Les taux de chiffrement des données ont plus que doublé dans l’enseignement primaire et secondaire. Le pourcentage d’établissements d’enseignement primaire et secondaire dont les données ont été chiffrées lors d’une attaque par ransomware a plus que doublé d’une année sur l’autre, passant de 29 % en 2025 à 61 % en 2026. Sur l’ensemble du secteur de l’éducation, 58 % des attaques par ransomware ont entraîné un chiffrement de données.
La restauration des données s’appuie largement sur les sauvegardes. Plus des trois quarts (77 %) des établissements d’enseignement primaire et secondaire, et 69 % des établissements d’enseignement supérieur, restaurent leurs données chiffrées à l’aide de sauvegardes – ces deux taux étant supérieurs à la moyenne intersectorielle de 66 %.
Les demandes de rançon restent élevées malgré une tendance à la baisse observée depuis plusieurs années. Le montant médian des rançons demandées aux établissements d’enseignement s’élève à 775 200 dollars, soit plus que la médiane intersectorielle de 698 000 dollars. Les demandes de rançon médianes dans le secteur de l’éducation ont baissé deux années de suite, tandis que les paiements ont augmenté de 15 000 dollars entre les rapports 2025 et 2026.
Les coûts de reprise augmentent et les délais de retour à la normale restent longs. Les coûts moyens de reprise après une attaque par ransomware ont atteint 2,26 millions de dollars dans le secteur de l’éducation, dépassant la moyenne intersectorielle de 1,7 million de dollars.
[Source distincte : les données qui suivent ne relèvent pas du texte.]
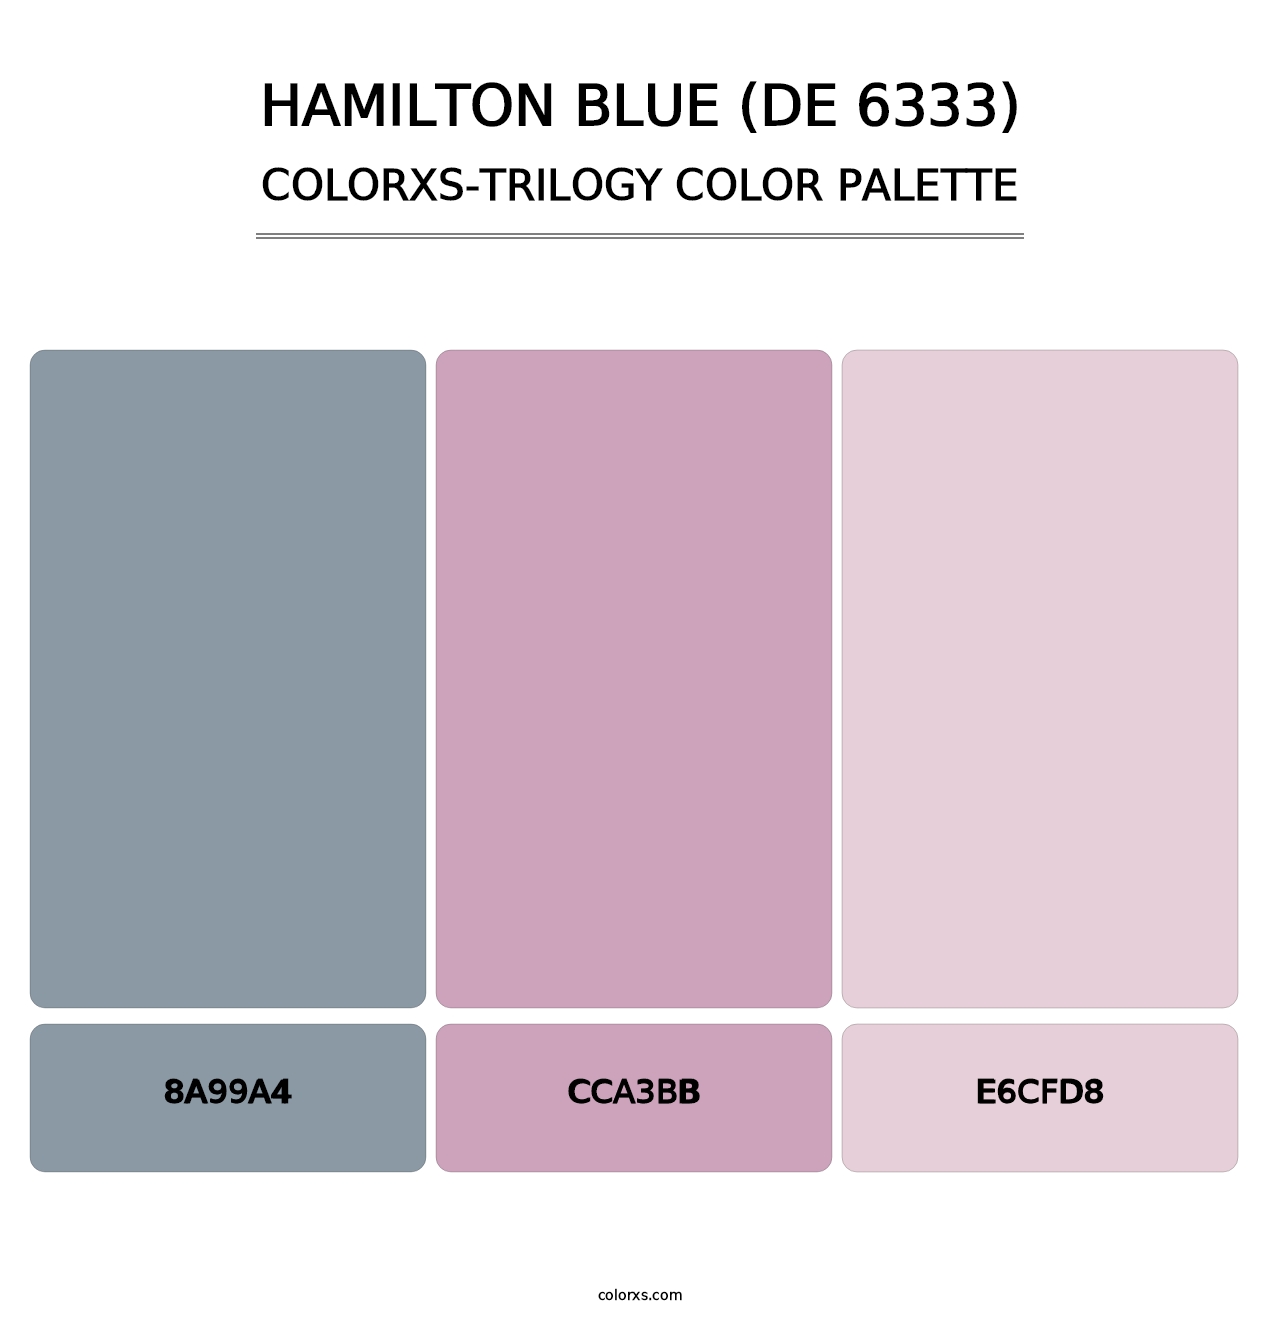 Hamilton Blue (DE 6333) - Colorxs Trilogy Palette

Plus d’un quart (26 %) des établissements d’enseignement ont eu besoin d’un à trois mois pour se remettre complètement d’une attaque, soit près du double de la moyenne intersectorielle (14 %).
L’impact humain sur les équipes informatiques et de sécurité s’intensifie. Plus de la moitié (53 %) des équipes d’établissements d’enseignement supérieur font état d’une pression accrue de la part de leur direction, contre 40 % sur tous les autres secteurs. Environ 39 % des établissements d’enseignement ont signalé des absences de personnel dues au stress ou à des problèmes de santé mentale à la suite d’une attaque par ransomware, contre 29 % dans tous les autres secteurs. Le secteur de l’éducation affiche également un taux de rotation élevé au sein des équipes dirigeantes : 29 % des équipes dans l’enseignement supérieur et 27 % dans l’enseignement primaire et secondaire ont vu leur direction remplacée après une attaque, la moyenne intersectorielle étant de 21 %.
Les conclusions de ce rapport s’appuient sur une enquête indépendante menée auprès de 226 responsables informatiques et de la cybersécurité du secteur de l’éducation, répartis dans 17 pays, et dont les organisations ont été victimes d’une attaque par ransomware au cours de l’année écoulée. L’étude a été réalisée entre janvier et mars 2026. Dans le cadre de ce rapport, les tranches d’âge sont définies comme suit : l’enseignement primaire et secondaire (généralement des élèves de moins de 18 ans) et l’enseignement supérieur (généralement des étudiants de plus de 18 ans). Il s’agit de la sixième année consécutive au cours de laquelle Sophos recueille ces données.